How can molecular chaperones repair damaged protein structures?

Published on June 29, 2021   44 min

Other Talks in the Category: Biochemistry

0:00
My name is Pierre Goloubinoff from the University of Lausanne in Switzerland. I'm going to talk about molecular chaperones in particular Hsp70 and Hsp60, which can inject energy from ATP hydrolysis into the non-equilibrium stabilization of stress-labile proteins.
0:19
We can start by asking: what is a molecular chaperone? If we go to the dictionary and look for a very traditional definition of a chaperone, it's 'an older lady who accompanies unmarried girls in public to implement social distancing, thereby preventing improper associations with boys'. That's the traditional vision of a chaperone. John Ellis, in 1988, revived the term 'chaperone', and suggested that the molecular chaperone is a protein that accompanies nascent or stress-destabilized proteins to prevent improper association with other proteins, and to prevent the formation of aggregates which may be toxic. Of course, it's a free interpretation of what he said at the time, but essentially in a nutshell, this is his message. It was extrapolated from Laskey's invention of the term 'molecular chaperone', about histone chaperones.

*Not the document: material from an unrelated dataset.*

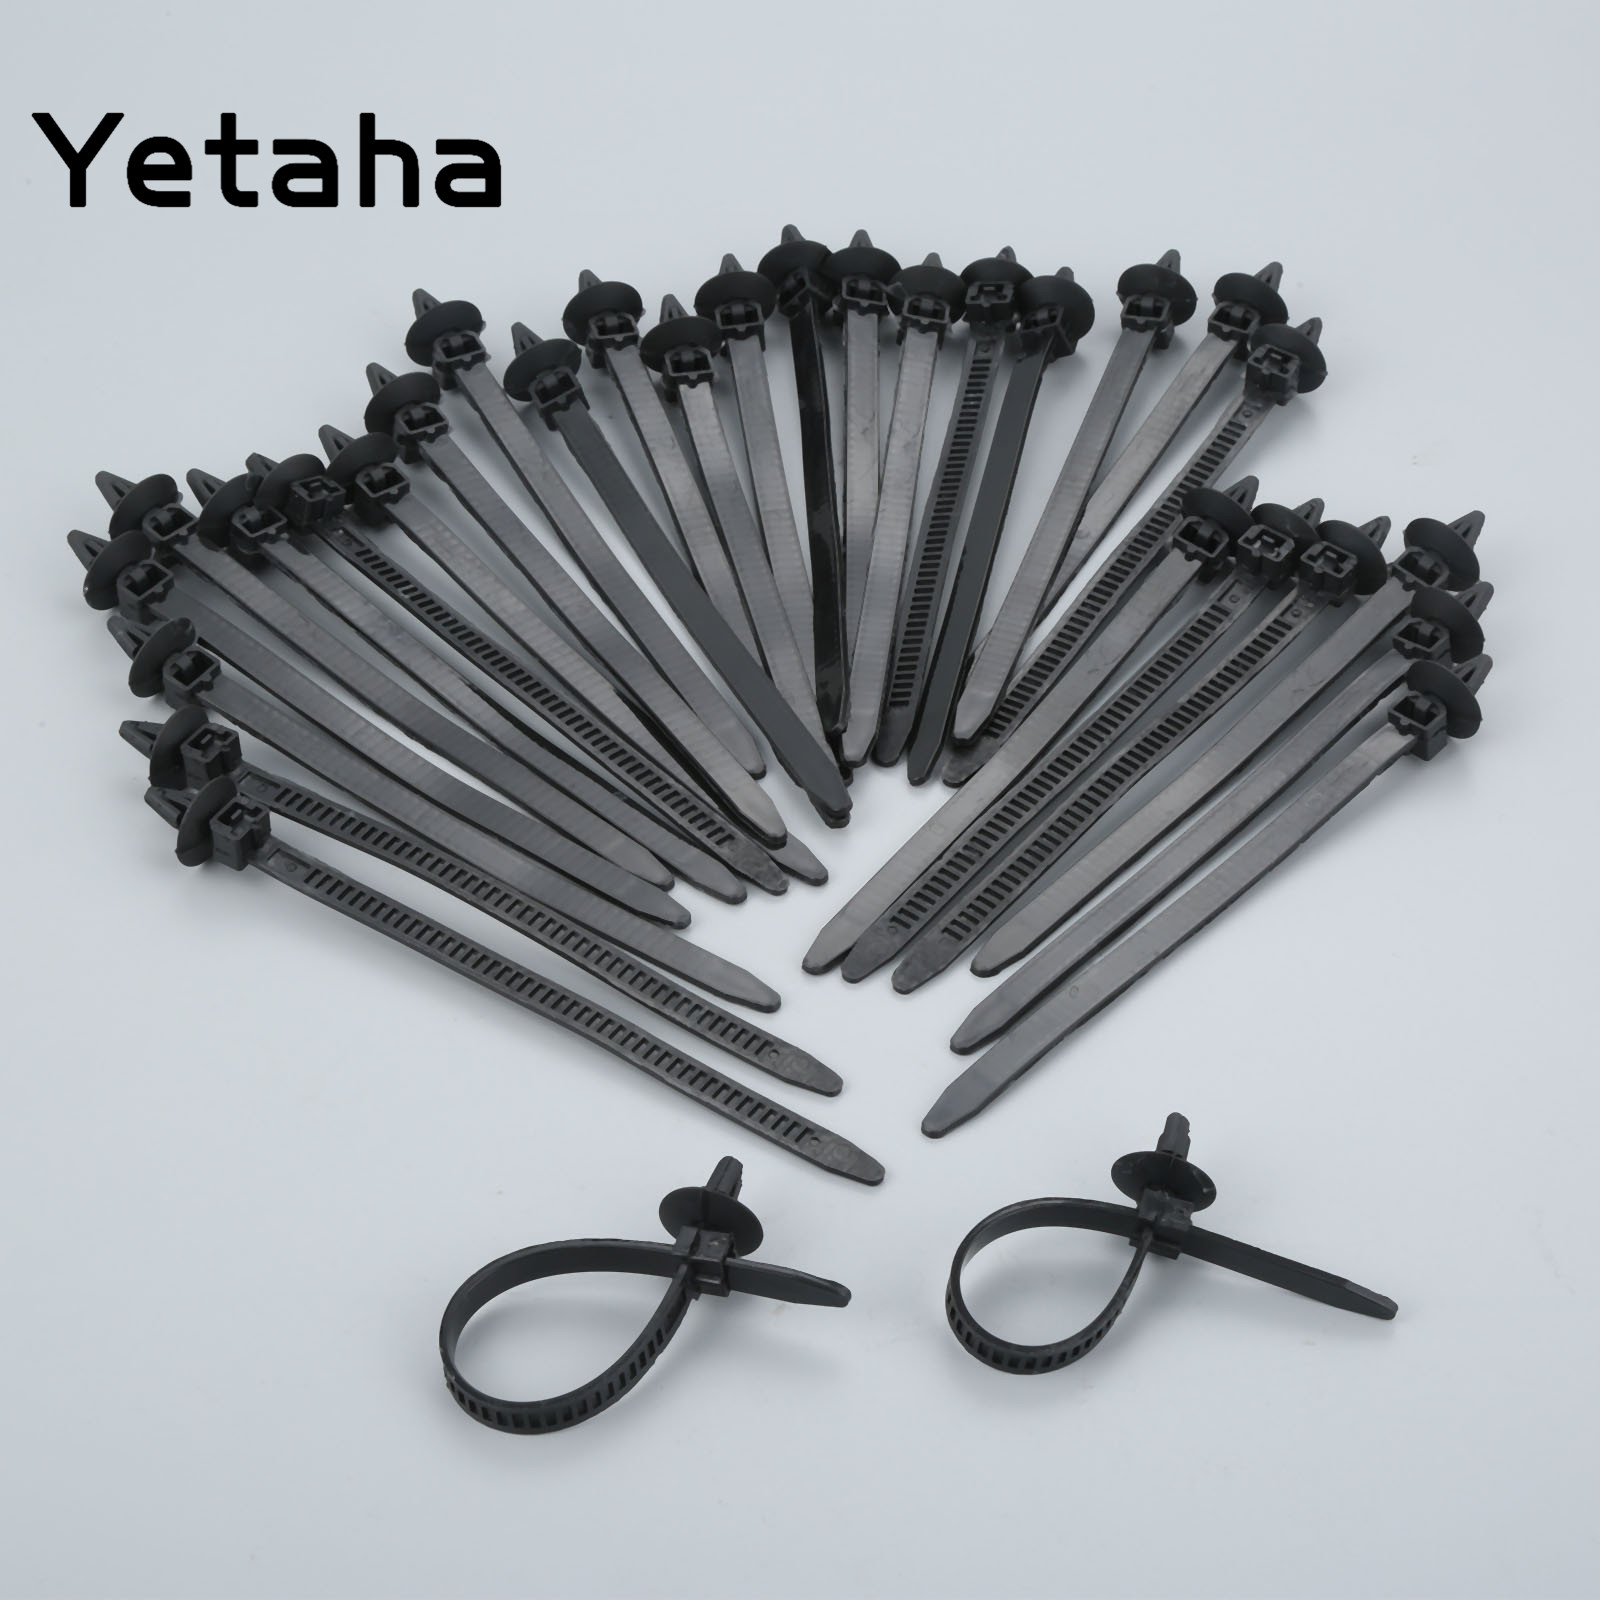 yetaha 30 pcs nylon black car auto cable strap push mount wire tie retainer clip clamp [ 1600 x 1600 Pixel ]
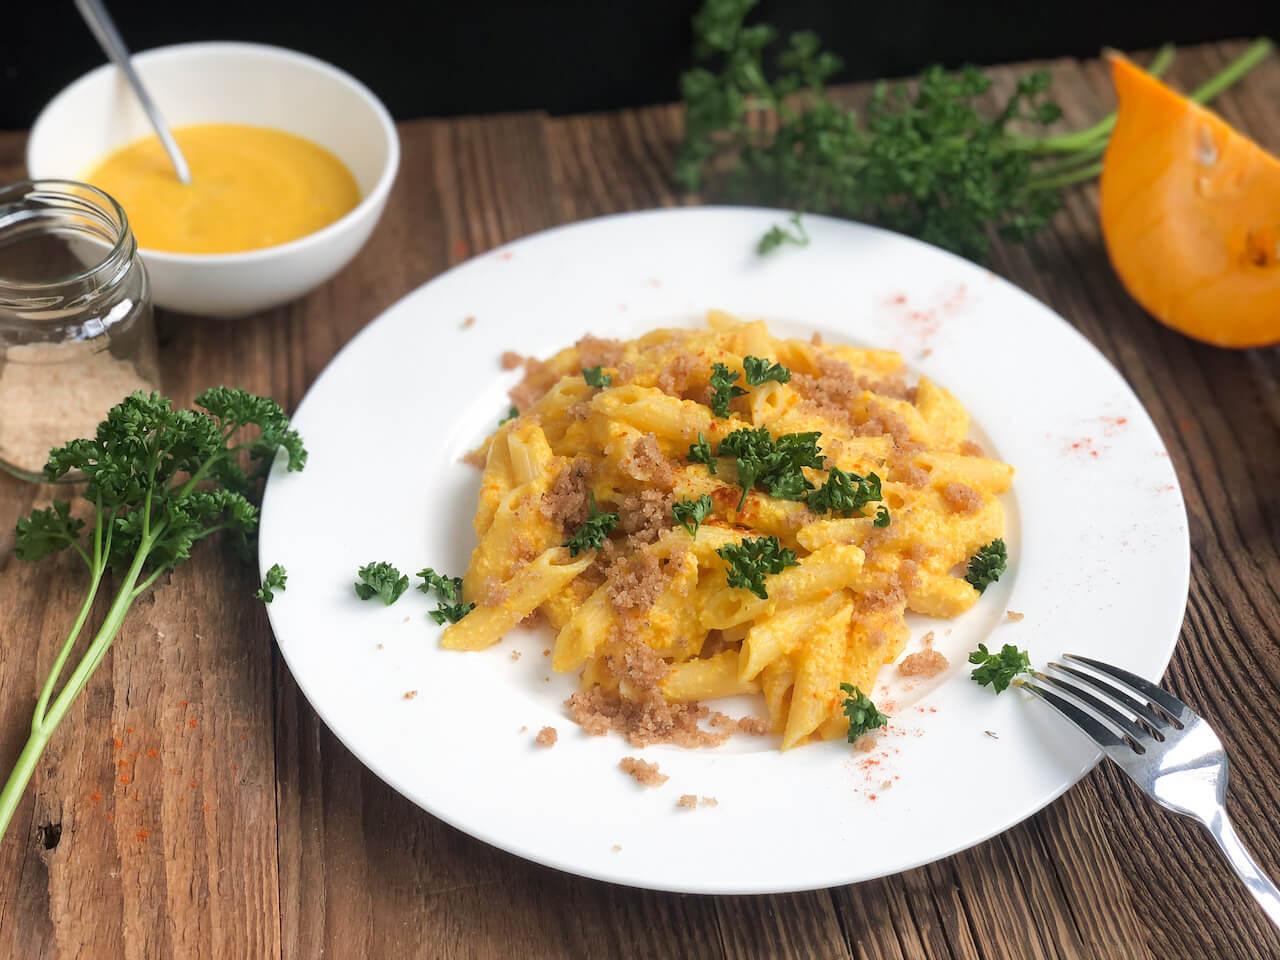 Panista_Blog_Rezept_Gliutenfreie Kürbis Mac N'Cheese

I would say that since 2006, I prefer to define a molecular chaperone as: 'a protein that can proof-read protein structures. It can identify and correct abnormal misfolded protein structures. Most chaperones can use the energy from ATP-hydrolysis to unfold and thereby repair damaged protein structures and scavenge toxic aggregates.'
1:35
In a way, it's a machinery that can proof-read protein structure, and indeed we can identify, in the life of a protein, different states. Protein is born as an extended polypeptide with high free energy, this is a free energy landscape, and it comes out of the ribosome like that. Anfinsen has shown that it can fold spontaneously to the native state, which is presumably more stable, and therefore with a lower free energy state. But Anfinsen also noticed that a fraction of his artificially-unfolded proteins would not get to the native state, and would reach a state like an insoluble aggregate. This can also be obtained when you take the native protein and stress it, for example, with heat shock, these would then convert into aggregates. Once you are in this low free energy state of misfolded fibrillar or aggregates, for example, it's very difficult to get out of them. Not only are these proteins not functional, but they can lead to diseases, we know now that the whole process of aging in mammals (at least in our case, or in metazoans in general), is associated with protein misfolding and the accumulation of misfolded species. We suspect that it is the intermediate misfolded monomers that are the most toxic to cells (neuronal cells), but the hallmark of these diseases is the accumulation of fibrils and all kinds of protein deposits, which can even be infectious in the case of prions.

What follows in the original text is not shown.